Updated 10 ноября 2022,, 19:02

Прокол морфием. Новым фильмом Алексей Балабанов снова ужалил и зрителей, и критиков

2 декабря 2008, 19:52
Алексей Октябринович стал известен широкой публике после дилогии «Брат» с Сергеем Бодровым-младшим. Фильмы стали культовыми, разошлись в народ на цитаты, а Бодров стал символом поколения. Потом была серьезная «Война», анекдотичные «Жмурки» и кино про любовь «Мне не больно», обласканное различными фестивалями. Гораздо менее известны авторские картины Балабанова – абсурдные «Счастливые дни», кафкианский «Замок» и садистский «Про уродов и людей». Здесь он мастерски шокирует неподготовленного зрителя, со всего размаху огорошивая его обухом происходящего на экране. Как тут не пойти смотреть новое творение? Мы же не барышни, которые на недавнем балабановском «Грузе 200» пережили шок и теперь испытывают физическое отвращение ко всему новому, что этот кинематографический хулиган может им предложить.
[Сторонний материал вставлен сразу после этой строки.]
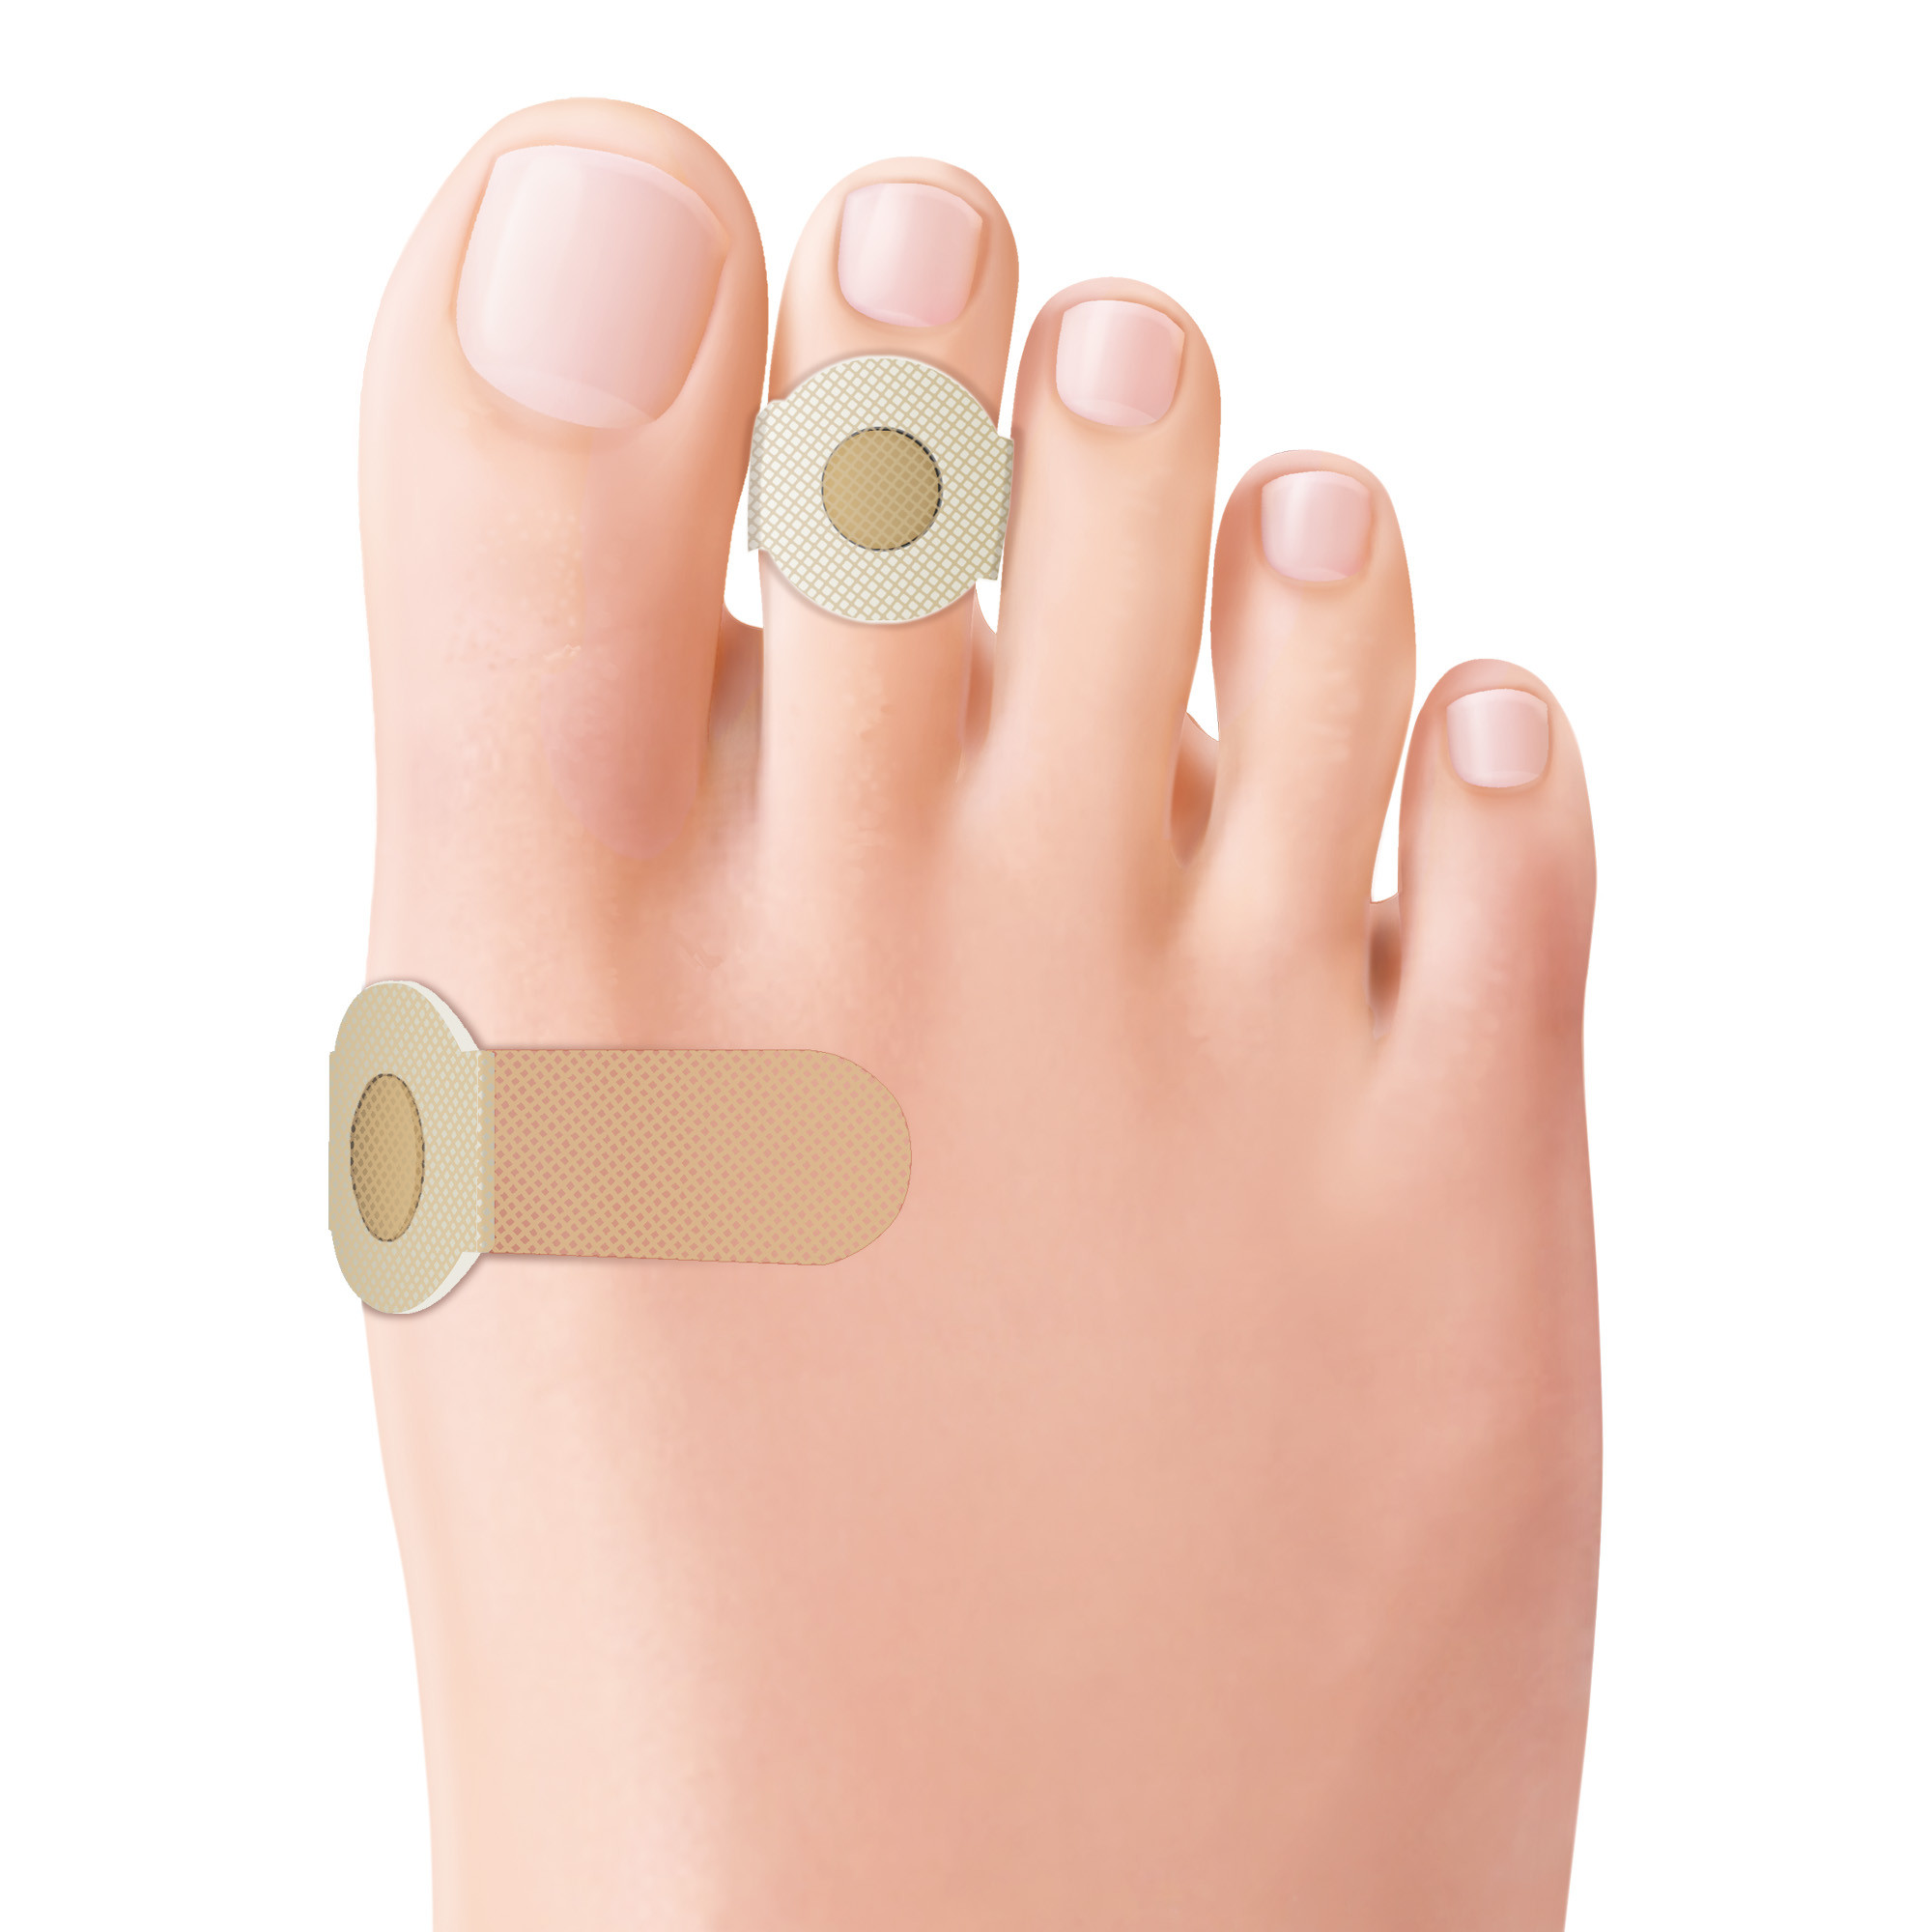 Foot plasters with corn protector and 40% Salicylic Acid 6 pcs

Новый фильм «Морфий» поставлен по сценарию покойного Бодрова, с которым Балабанова связывала не только совместная работа, но и дружба. Материал, написанный на основе одноименного рассказа и автобиографического цикла «Записки юного врача» Михаила Булгакова, Сергей хотел ставить сам, но так и не успел. Для многих поход в кино станет поводом прочитать рассказы Михаила Афанасьевича. Узнают хотя бы, что булгаковское творчество не ограничивается обожаемой страшеклассницами «Мастером и Маргаритой», есть много других произведений. Однако по секрету скажем, что рассказы Булгакова - не лучшая часть его творчества. Да и создать что-то более кричащее, впечатляющее, стильное, зрелищное и глубокое, чем «Морфий», Балабанов еще успеет. В целом, если вы хотите увидеть что-то яркое и интересное, не свойственное тем фильмам, которые являются легким фоном для телефонных разговоров, поедания попкорна и засосов на последнем ряду, то эта картина для вас. При этом вы должны быть готовы перенести местами грубое и отвратительное зрелище с мясными медицинскими подробностями. А уж о засосах на время сеанса и вовсе придется забыть.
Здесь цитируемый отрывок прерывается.